世界一綺麗だと思った給与交渉
マニアックなのですが、私は根暗のくせに採用業務が大好きです。特に最終段階の給与交渉は、候補者の方それぞれのアプローチが全く異なるので、毎回とても興味深く、思わずワクワクしてしまいます。どうしても人の汚い部分が見えやすくもあるので、ここまでとても良かったのにとても残念だなと感じる候補者の方がいるのも正直なところです。
数か月前、当社でもかなりシニアなポジションの候補者の方(採用時にCレベルのリーダーシップ経験を持った方)と給与交渉した際に、とても印象的なやり取りがありました。具体的な内容は共有できませんが、彼の交渉のポイントだけ、以下にまとめてみました。

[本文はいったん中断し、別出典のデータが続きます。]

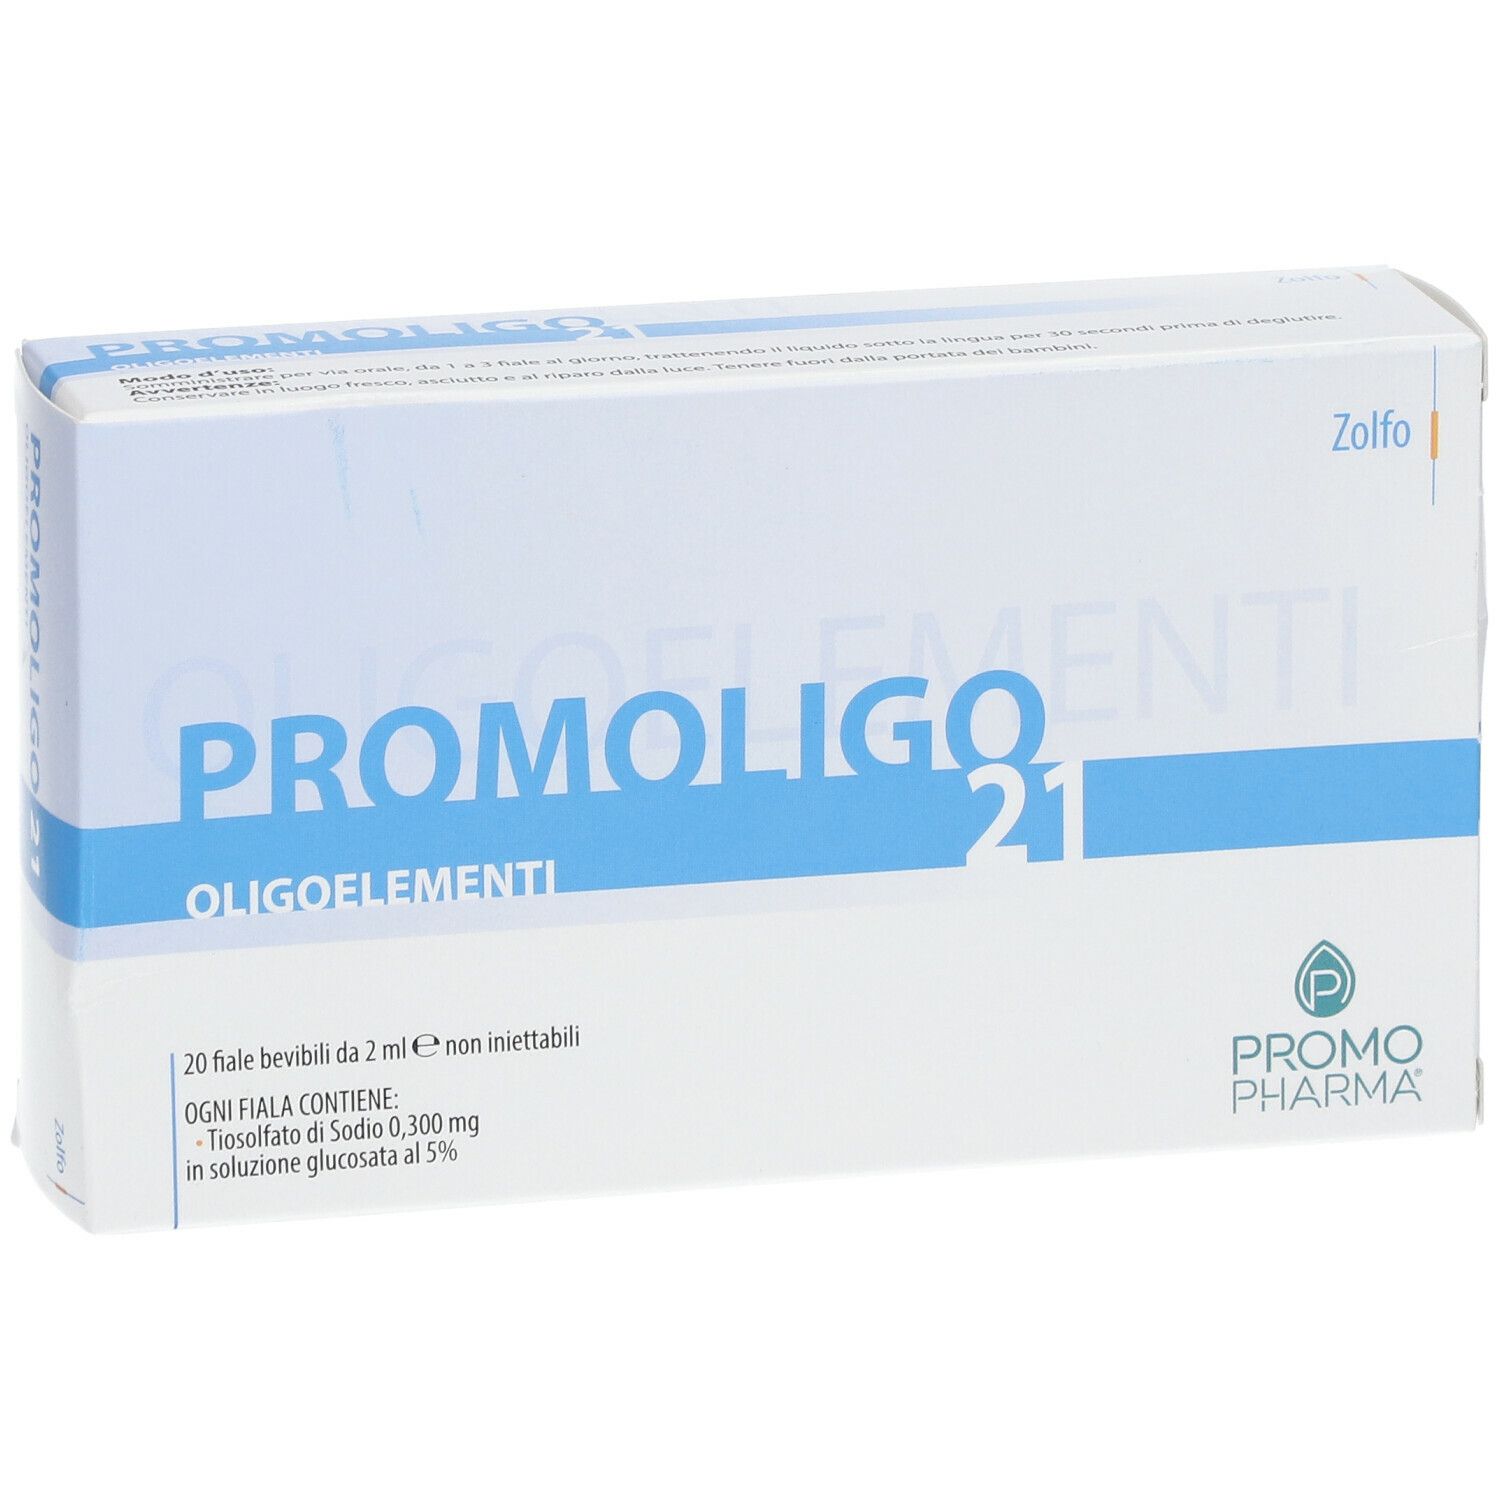 PromoPharma® PROMOLIGO 21 Zolfo Oligoelementi

今回は国をまたぐ転職になるため、自分だけでなく家族にも大きな変化をもたらすということ
現職でも大きな責任を担っており日々やりがいを感じているけれど、自分は心が動く(ワクワクする)方向に進んでいきたいと考えているということ
そんな中で、御社からのポジションとオファー内容は、まさに心が動く素晴らしい機会であること
基本的にオファーには満足しているが、AとBについては部門長や社長と少し相談して交渉の余地があるか確認してほしいこと
家族の大きな移住となるため、もし可能であればCについての追加オファーを検討してほしいこと。他社では一般的にCのような条件が提供されるため、御社でも同様の条件があるか確認したいが、無理をお願いする気はないので御社に負担がかかる場合はプッシュはしません、とのことでした。
まさに「戦略的でありながら誠実」な交渉スタイルです。家族やキャリアの流れを大切にしつつ、自分の心が動く方向に進みたいという意思が伝わってきます。また、「もしも負担になるなら無理にはお願いしない」という姿勢からも、相手を思いやる優しさが感じられます。このように言われてしまったらリクルーターとしても、この人の要望を少しでも満たすために何とか社内で調整してみよう、という気になるものです。
基本的にビデオ通話での給与交渉が一般的になっていると思いますが、私はビデオ通話時には、リクルーターや面接官への感謝の気持ちを伝えること、自分の思っていたオファー内容よりは少しだけ低いと感じたということ、一度考えて数日以内にメールで返事をするということを伝えるのがスムーズな流れかと思います。
少しでも参考になれば幸いです。